I was not one of those people.

I went to my desk to collect my things. Before lunchtime, I joined dozens of others who walked out of the building after being laid off, most carrying boxes with a few personal items. I called Maggie multiple times. My calls went to voicemail. Before I left, she called me back telling me we would have to talk later. She was too busy with the layoff process.

We talked that night. She told me she was sorry, but she couldn’t really have picked me to stay. There were guidelines she had to follow. Her hands were tied. She hoped I would understand, and that she would help me find another job if I wanted her to.

Then Maggie told me that what happened on Sunday was a mistake. That she needed to devote herself to work, now that she was management.

My cousin Steve has invited me to come visit his place in Montana every year during the last five years. Steve always talked a lot about fly fishing. He told me that I have to visit when the rivers are running high. He told me we could pay a guide to take us on a river for a full day of fishing. Steve could show me the basics before we get on the boat. On Monday, I let him know we were coming.
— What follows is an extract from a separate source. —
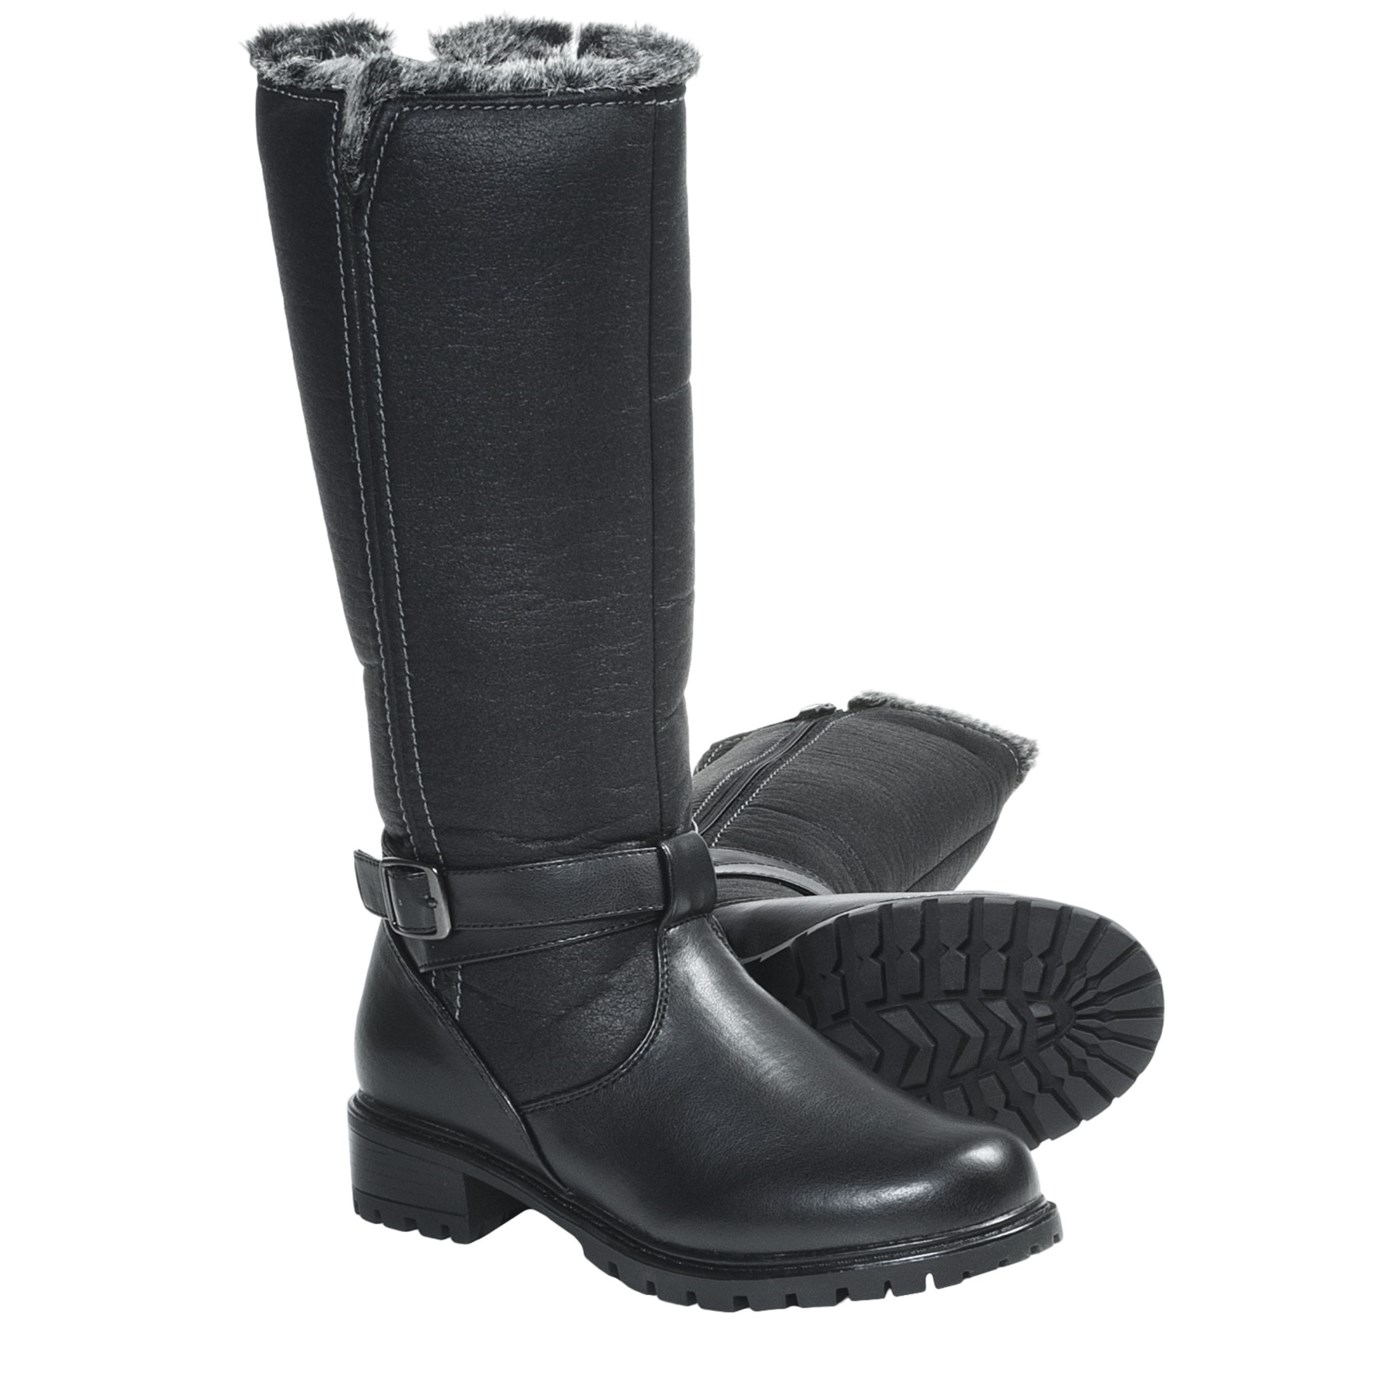 Aquatherm by Santana of Canada Blair Boots (For Women) 5294H 41

We left Seattle the next day.

Time to call Steve for directions, I thought.

“Hi, Steve, it’s me.”

“Hey. Where are you? Are you close?”

“Not sure. I took the route 43 exit off I-15, went west and stopped after about half an hour. Then the navigation app on my cell phone went offline.”

“You’re not too far. Maybe forty minutes. Keep going west on 43 until you get to Wisdom. Then take route 278 to Jackson. My place is off 278 about two miles past Jackson.”

“What’s the address, again?”

“Just look for the sign that says Serenity Ranch on the right side of the road.”

Forty-five minutes later we pulled into the two-lane packed dirt road next to the Serenity Ranch sign. At the end of the road was Steve’s ranch house, a two-story log house next to a small stream.

I walked over to the passenger side and opened the door.

“Ok, we’re here,” I said to my passenger. “Welcome to Serenity.”

I grabbed the leash from the back seat and attached it to his collar.

“Let’s go, Houston,” I told him, and he jumped out of the passenger seat, tail wagging.